In this scenario, Psychodrama and Gestalt therapy manifest signs of
convergence, in spite of the few studies to investigate this unity. Blatner
(1996) mentions that the Gestalt therapy absorbed the use of dramatic
features of Psychodrama. Almeida (2006) argues that the two approaches
have co-sisters proposals, by having a phenomenological-existential view of
human affairs.
Jacob Levy Moreno and Frederick Salomon Perls, creators of Psychodrama
and Gestalt therapy respectively, actively participated in the early
twentieth century expressionist movement which formulated reactions
against bourgeois norms and the naive belief in progress (Wulf, 1998). In
Berlin, Fritz Perls was involved with intellectuals and theater actors who
proposed deep social reform and community humanist inspiration. Moreno,
in Vienna, was editor of Daimon, an expressionist magazine, along with
Martin Buber, in addition to working with the theater of spontaneity, that
would be the embryo of Psychodrama (Sa-Junior, 2009). Both approaches
have, as a corollary, the right to redeem the creative potential of the
human being in the face of obstacles imposed by the culture that prevent
existential fluidity (Vieira & Vandenberghe, 2011). In the 1960s, there was a
brief academic coexistence between Moreno and Perls, since the founder of
Gestalt therapy participated in some Psychodrama sessions run by Moreno.
From this foray into Psychodrama, Perls tried to print an experiential nature
in its approach, creating the empty chair technique and adopting the use of
role play with customers (Blatner, 1996). Although this drive point, the two
approaches were developed separately. This may have been given in terms
of this rivalry framework in the field of psychotherapy. However, the areas
of convergence and divergence between these schools invite for an
investigation.
From interviews with psychodrama and gestalt therapists, the aim was to
probe the internal dynamics of each approach to realizing this other similar.
The reflection on the membership approach in meeting with another school,
participants were asked whether and how these schools can live and work
together.
Method
The grounded theory was used in the analysis of the research process of
the interface between the Psychodrama and Gestalt therapy. It is a
qualitative methodology of collecting and interpreting data, aiming to build
theoretical concepts based on the data itself. The simultaneous
engagement between the collection and interpretation of data search a
conceptual density, intending to go beyond the descriptive level to meet
theoretical productions regarding the processes studied (Charmaz, 2009).
Category
Conditions that facilitate integration
integrative opening
common ground
Subcategories
The approach itself has an
Both approaches have
Pathways to integration
Benefit for integration approaches
Benefits integrations for professional
practice
Results
The presentation of results is organized around three theoretical axes: (a)
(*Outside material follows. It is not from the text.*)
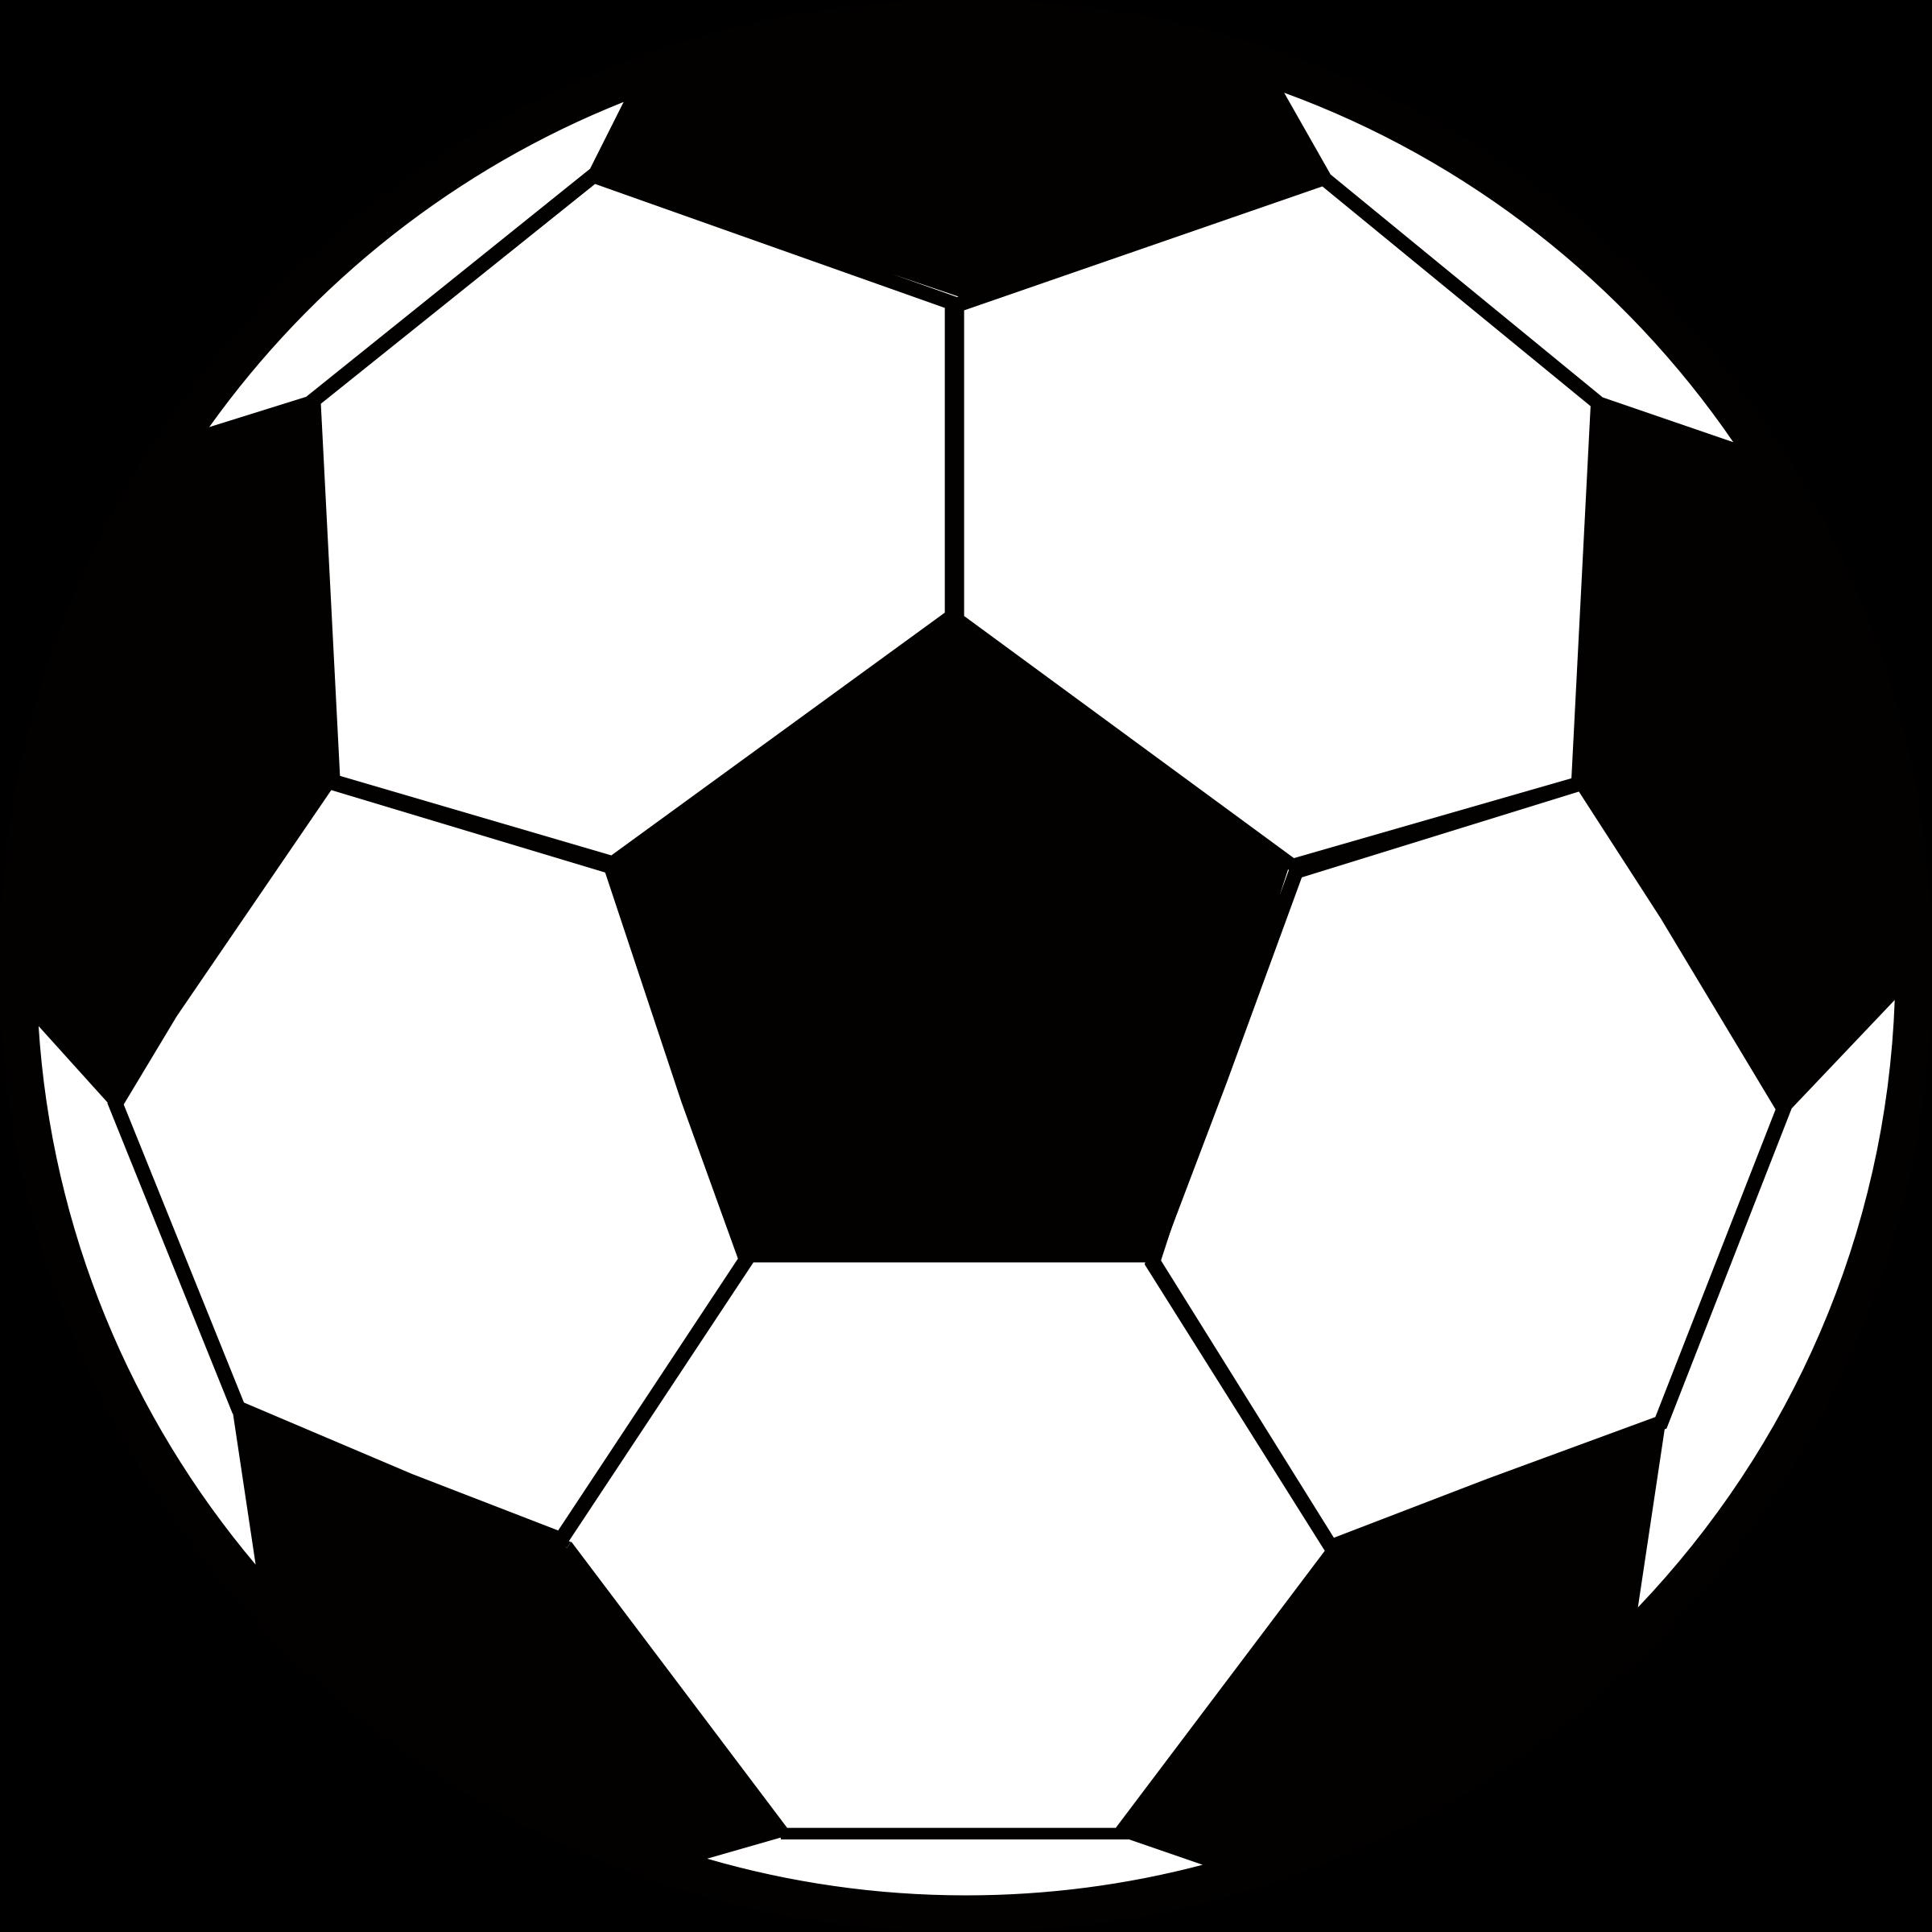 HD Soccer Ball Clipart Outline.

Vision, Experience and Pragmatics; (b) a person and Field and (c) theory,
action and reflection. From these lines, you can portray the integration field
conditions between psychodrama and Gestalt therapy.
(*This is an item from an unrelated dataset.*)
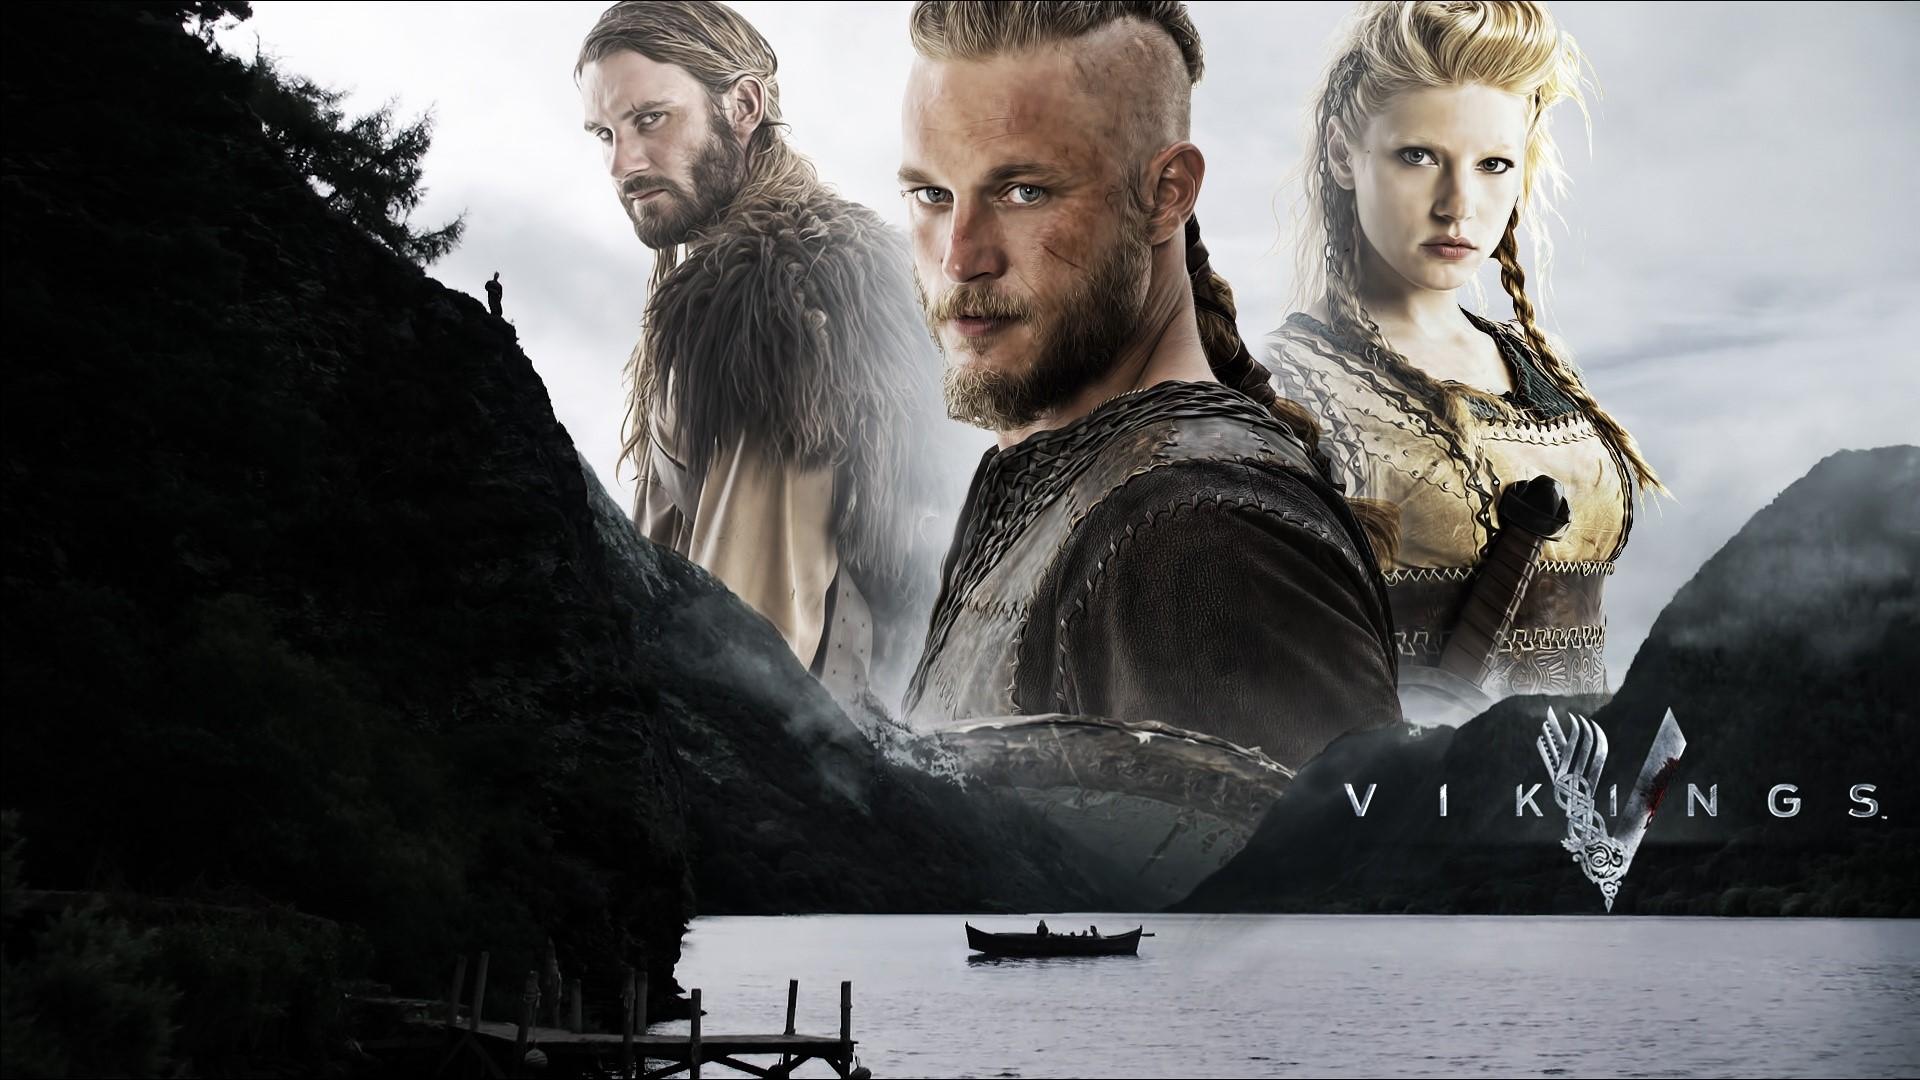 Vikings Tablet Wallpaper

The participants' contributions are portrayed by inserting excerpts from
interviews. The individuals are designated by the letters G to Gestalt
therapists and P to psychodramatists, followed by numbers indicating the
order in which they were interviewed.
Vision, experience and pragmatic
The first category built called "facilitating conditions for integration"
encompasses the perceptions and reflections on the philosophical
characteristics of the membership theory and its place in the geography of
approaches. The philosophical aspects are important to valid choices. In
this process, participants detect constitutive opening of the school, as well
as their deficits. The same humility that allows us to identify gaps in
approach also leads to the perception that the practice has been extended
The contact area between personal factors and the field that inhibit or
facilitate exchanges, collective perspectives are recognized blocking
diversity and individual paths who seek it. The ease of building bridges
between theories, intellectual curiosity and the improvement of search
represent individual perspectives that encourage contact with other
schools. The attitude of openness to various conceptualizations is enhanced
by P13: "My biggest difference is that I refuse to be restricted by any
theoretical system, the human being is so complex that I think we need
everyone to help you" (P13). The experiences that enclose the
professionals in membership approach are linked to group membership
issues, through the institutional pressures to express fidelity to approach.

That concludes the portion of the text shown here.